When I was moving into my current apartment, the aunt of my roommate stated that during the apartment viewing the property manager mentioned that the other two tenants were Indian. Aside from the fact that our other roommate is Persian, NOT Indian, it was clear that the label of ‘Indian’ never leaves me. In addition to their urgency to find a place, they signed feeling comfortable that their daughter/ niece would be with other Indians.
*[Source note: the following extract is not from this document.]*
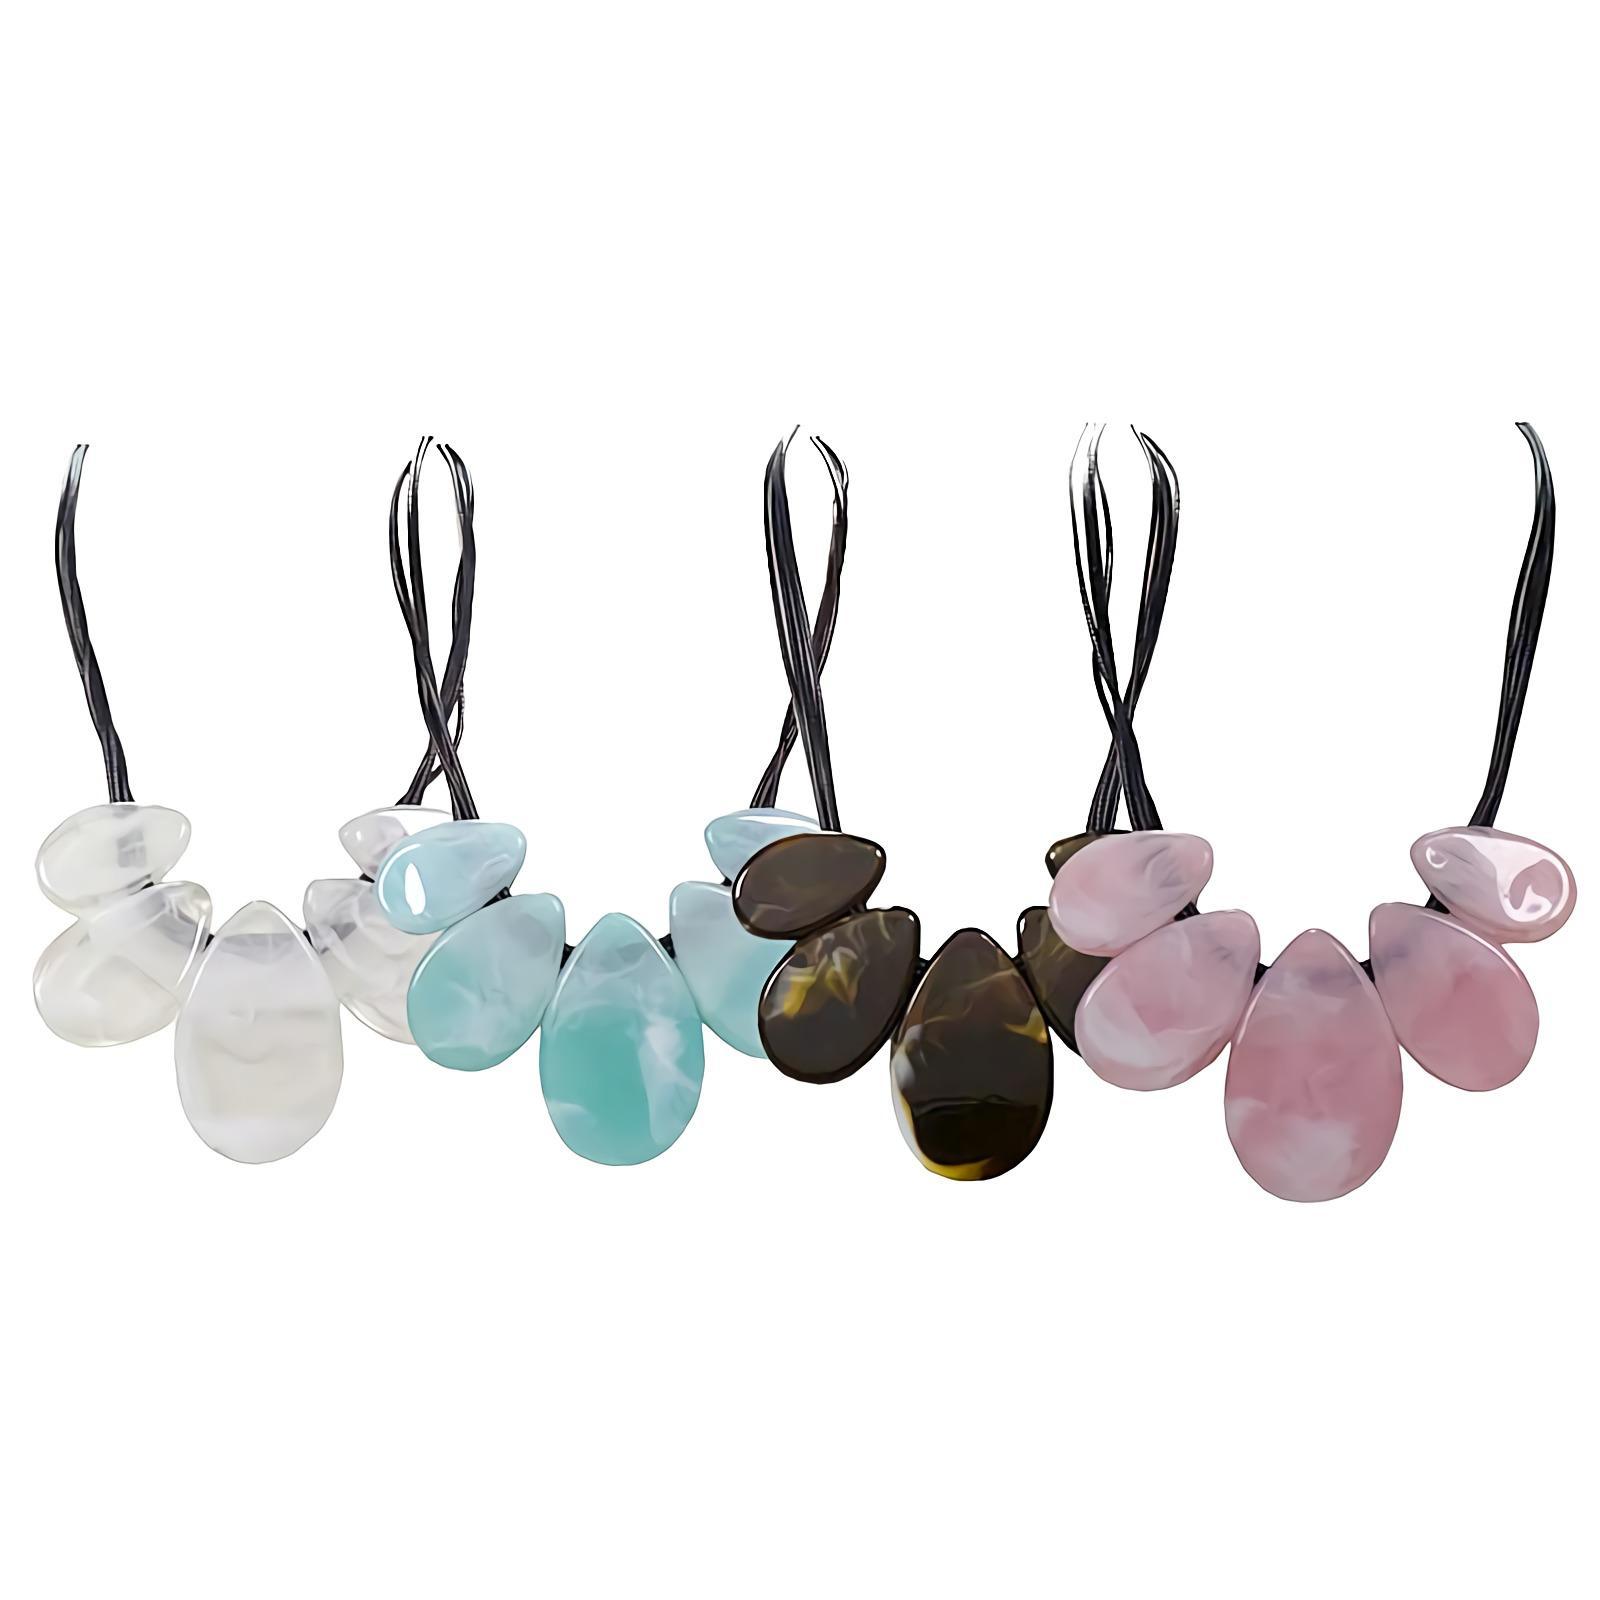 OFASHION Colorful Accessories Kalung Wanita Panjang 63 CM Necklace CA -180802-K012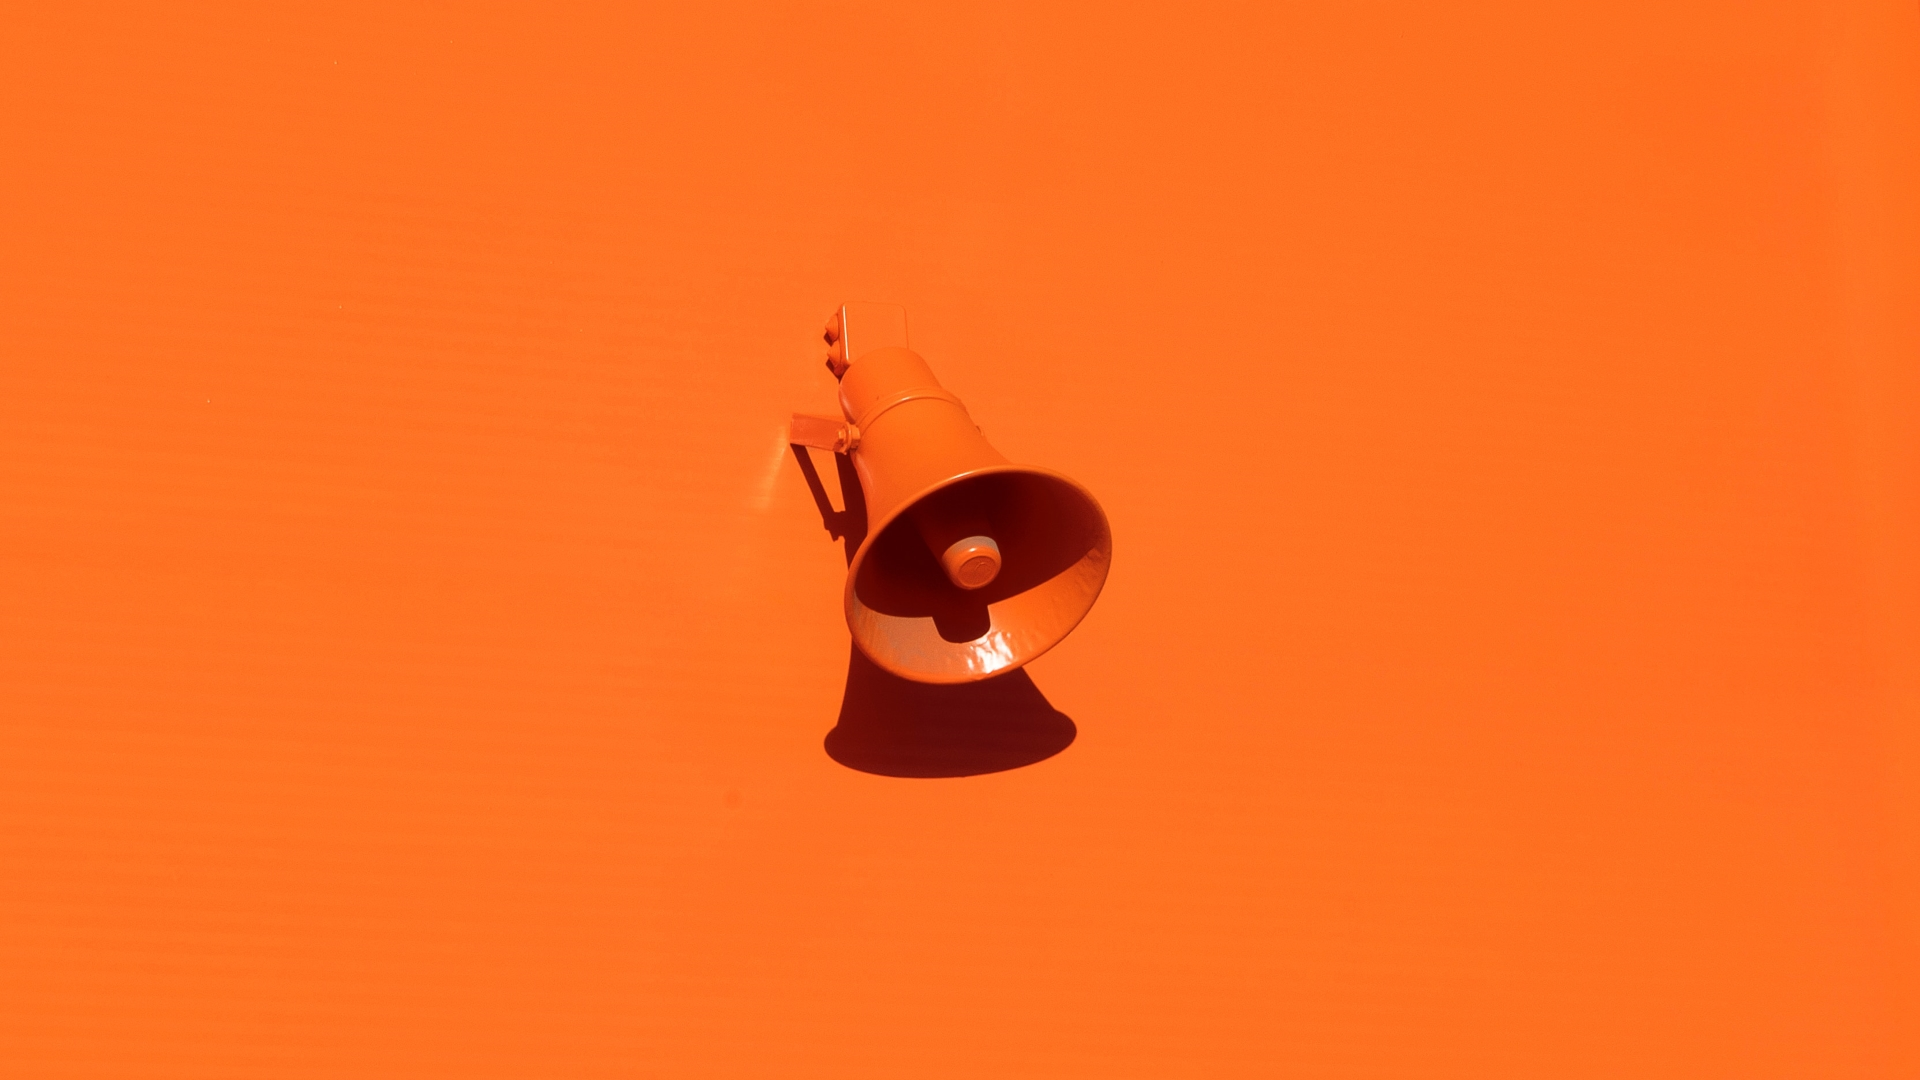 Lautsprecher, Orange, unsplash.com, Oleg Laptev

This really bothers me. My skin has not grown thick enough yet for this to roll off my back, and I don’t know if I want to get to the point where I brush off instances like this as just a part of life. Why must I be labelled according to what others see me as. Why am I not allowed to classify myself? To some, I’m not a “real” Canadian while to others I’m not a “real” Indian. When I am in the presence of those who think I’m not a “real” Canadian, I feel the pressure to subvert any Indian-ness or foreign-ness about myself. When I am in the presence of those who think I’m not a “real” Indian, I feel the pressure to subvert my liberal and “non-traditional” values. This pressure gets stronger and stronger as I age. Why? Shouldn’t it be the other way around? Shouldn’t ignorance be left in the past, not emphasized in the future? Was I just too young and ignorant to recognize the racism around me? Why must I feel this constraint?

I feel very angry. I’m angry that despite every individual having to create their own identity as part of life, mine feels the majority of the constraint based upon my “race”. I recognize that the fact that my able-bodied-ness and heterosexual-ness fits into the norms of this society, leaving me with less constraints from those categories. I also recognize that everyone feels constraints, even the privileged in society. BUT in a country that praises itself for being so open to multiculturalism, why to the ‘multies’ feel that their culture must fit the extremes rather than encompass a compilation of various sources? Why can’t who I am be reflective of myself as a person than the associations regarded with the colour of my skin, or my facial structure.

I really hate “the call”. I hate it so much. I hate that I have to smile back at those who label me because by calling them on it, I would be the aggressor. Do they know that when such vulgarity comes out of their mouth with such a sweet expression plastered on their face, that it takes so much effort for me to unclench my fist? Do they know how much bitterness I harbour?

I took my complaints to God. He already knows. It’s just part of life…part of the unfairness of this world…part of the hate and ignorance…part of the insensitivity…just part of life. At least I have Him. At least I have the retreat that unbelievers don’t have. I am able to dwell in His presence just as I am - no labels, just me. My God has no face, and when I stand in front of Him, neither do I.